Whenever an image turns up, omit it and return the remaining data exactly.

#### Data items
+ + + +
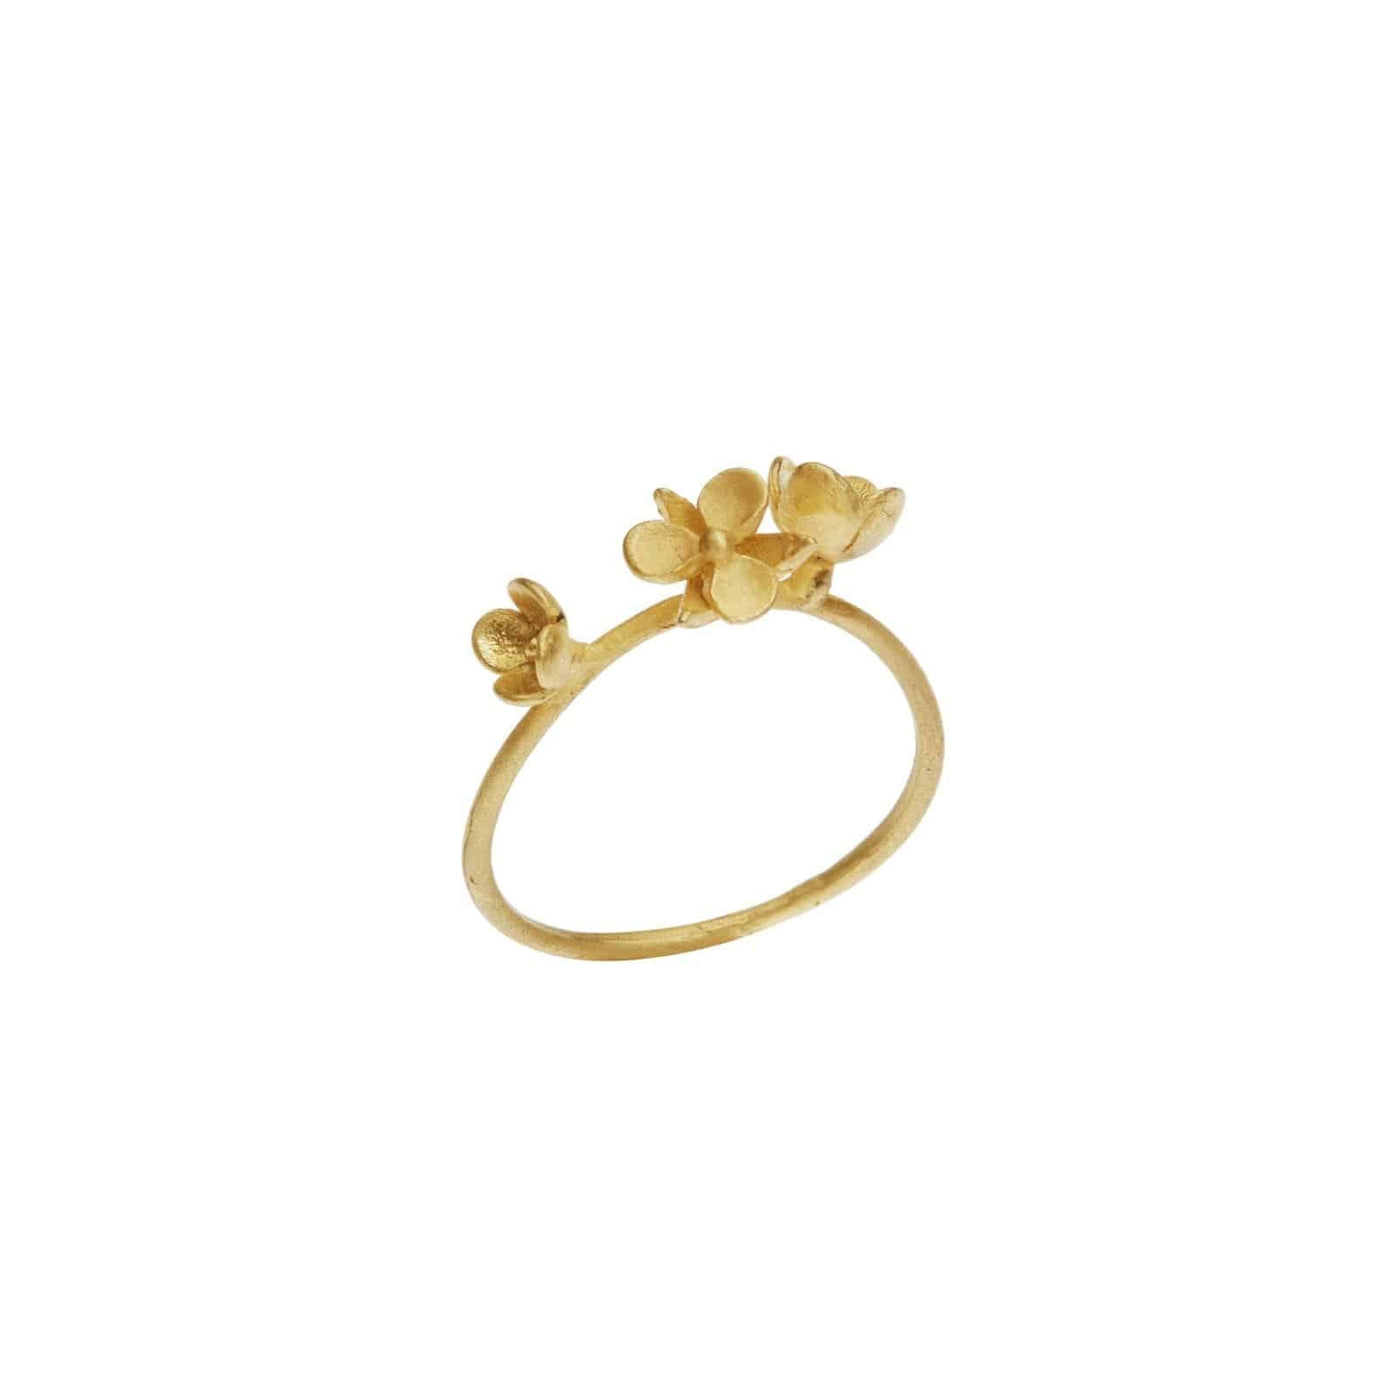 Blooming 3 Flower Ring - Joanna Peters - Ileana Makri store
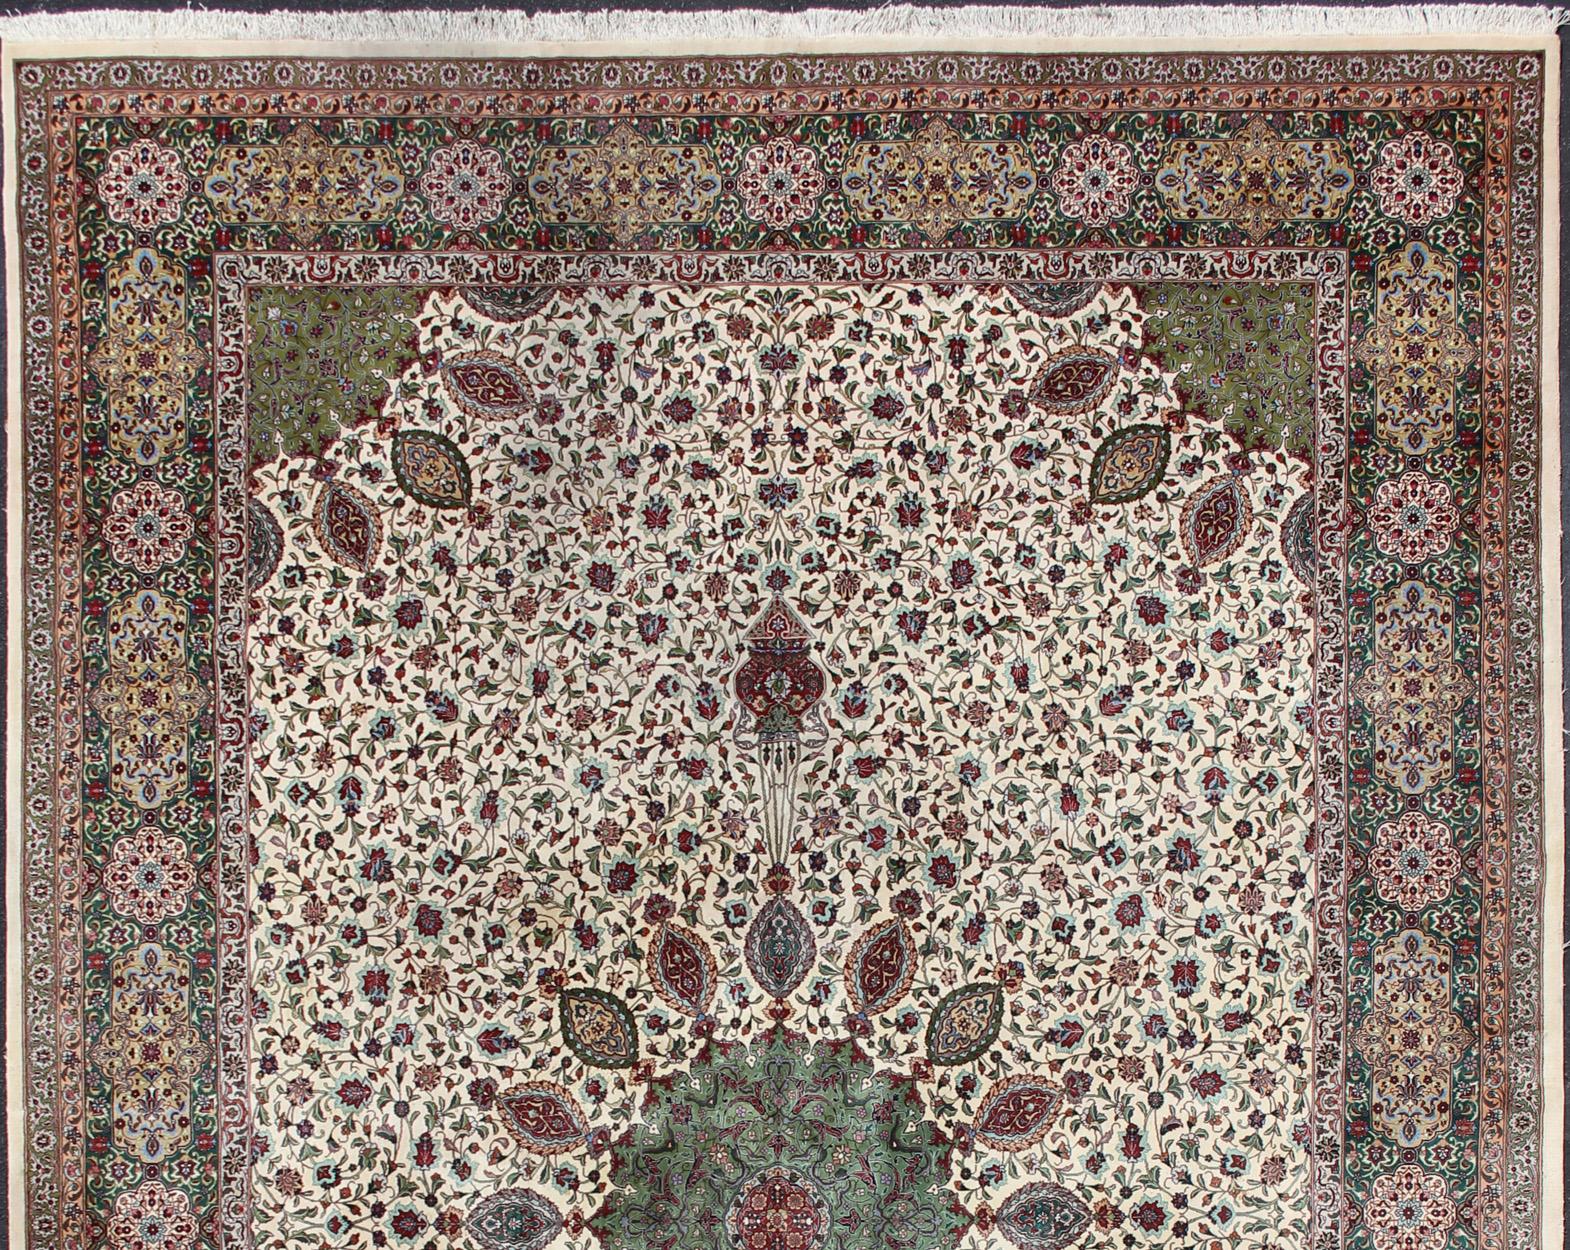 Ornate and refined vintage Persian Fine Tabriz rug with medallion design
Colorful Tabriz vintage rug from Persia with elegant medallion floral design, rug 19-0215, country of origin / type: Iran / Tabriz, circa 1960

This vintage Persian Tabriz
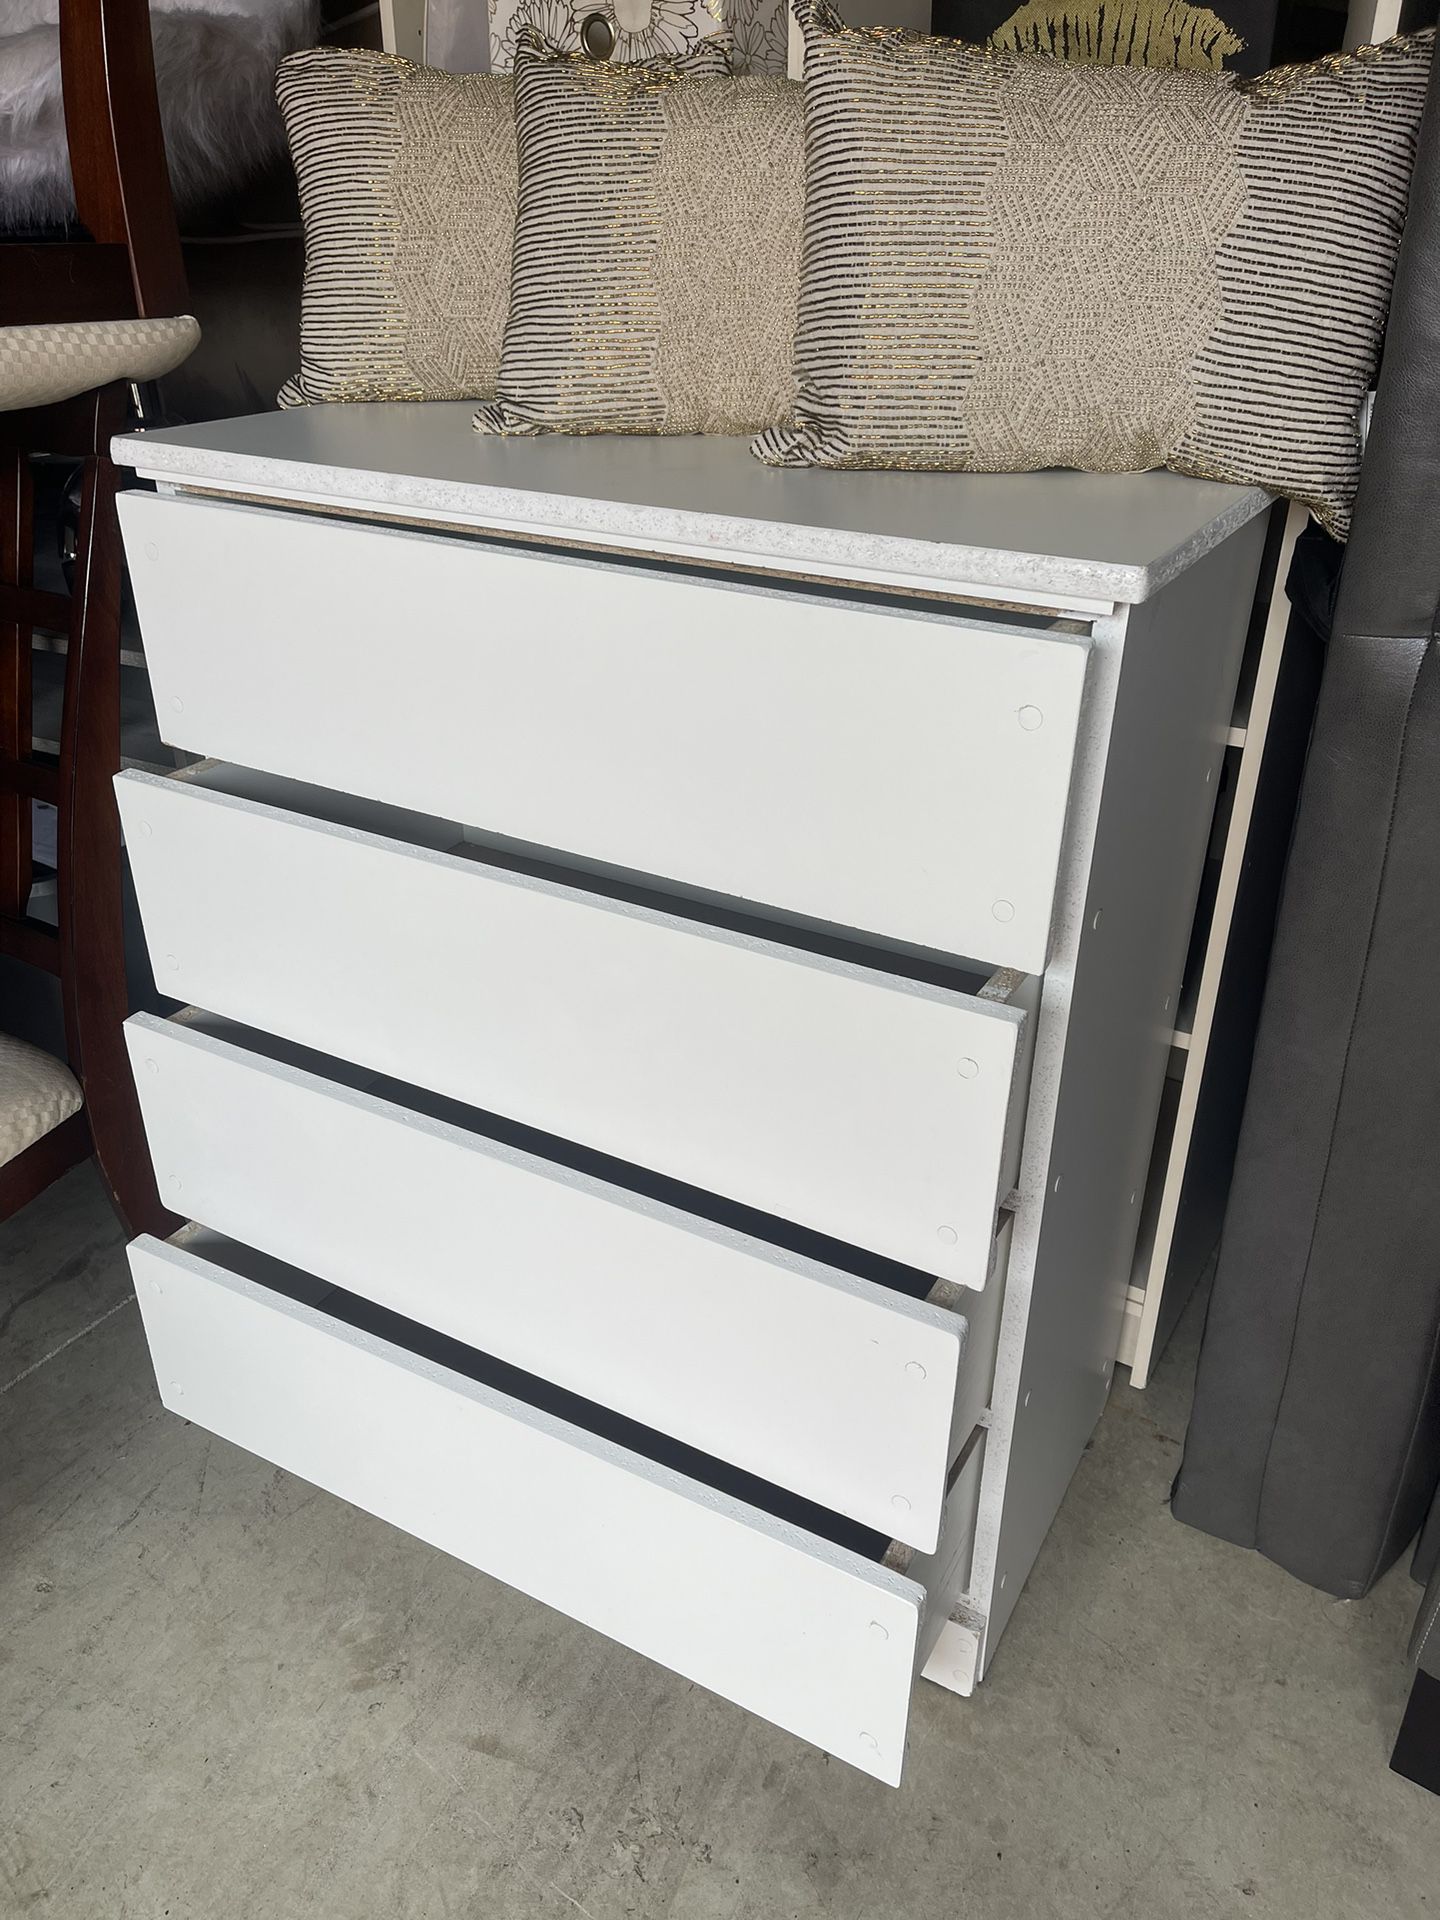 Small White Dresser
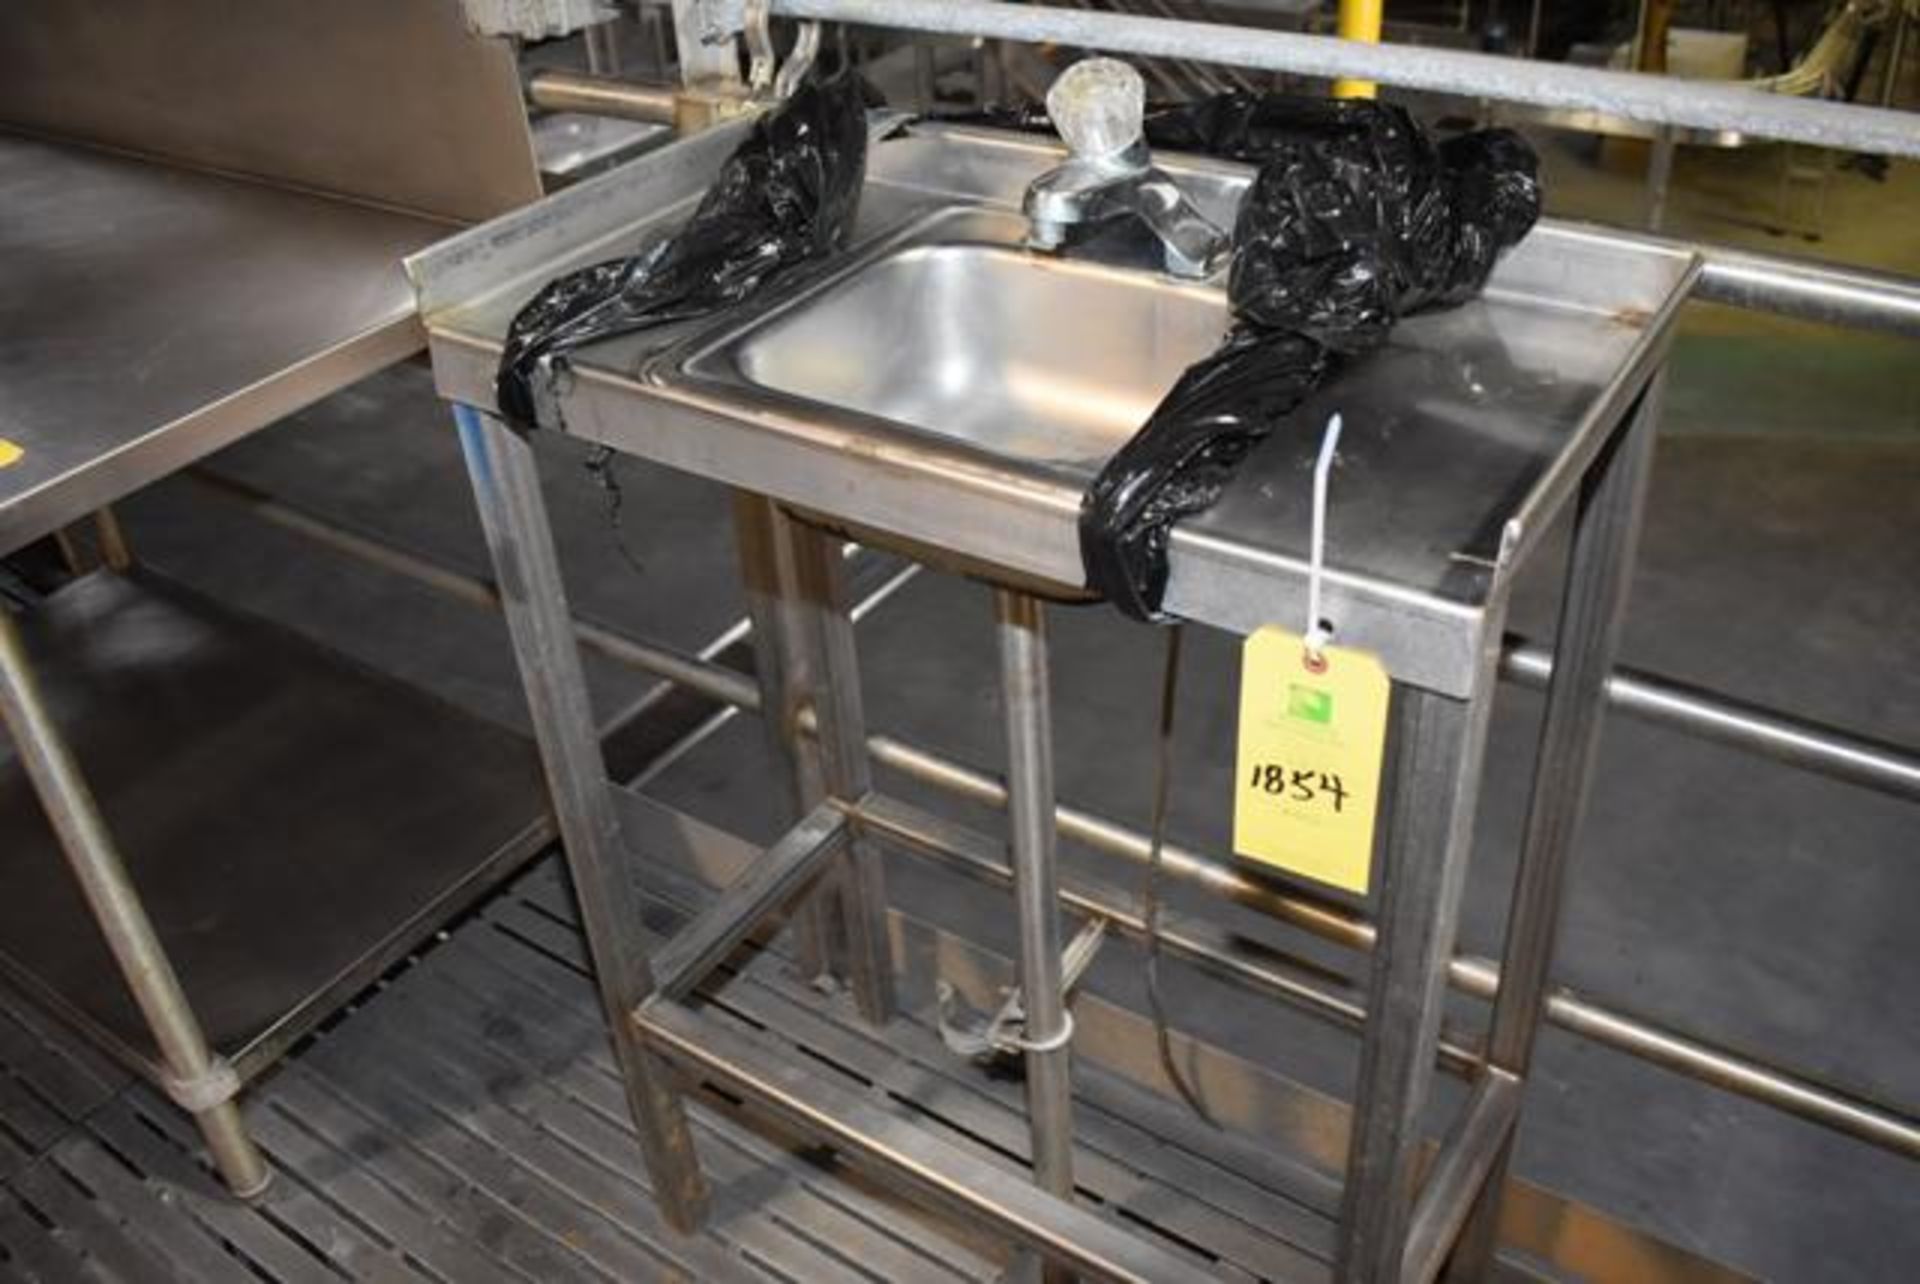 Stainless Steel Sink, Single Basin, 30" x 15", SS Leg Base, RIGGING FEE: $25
+ + + +
#### WRITTEN RESPONSE
 Blooming 3 Flower Ring - Joanna Peters - Ileana Makri store
 Ornate and refined vintage Persian Fine Tabriz rug with medallion design
Colorful Tabriz vintage rug from Persia with elegant medallion floral design, rug 19-0215, country of origin / type: Iran / Tabriz, circa 1960

This vintage Persian Tabriz
 Small White Dresser
 Stainless Steel Sink, Single Basin, 30" x 15", SS Leg Base, RIGGING FEE: $25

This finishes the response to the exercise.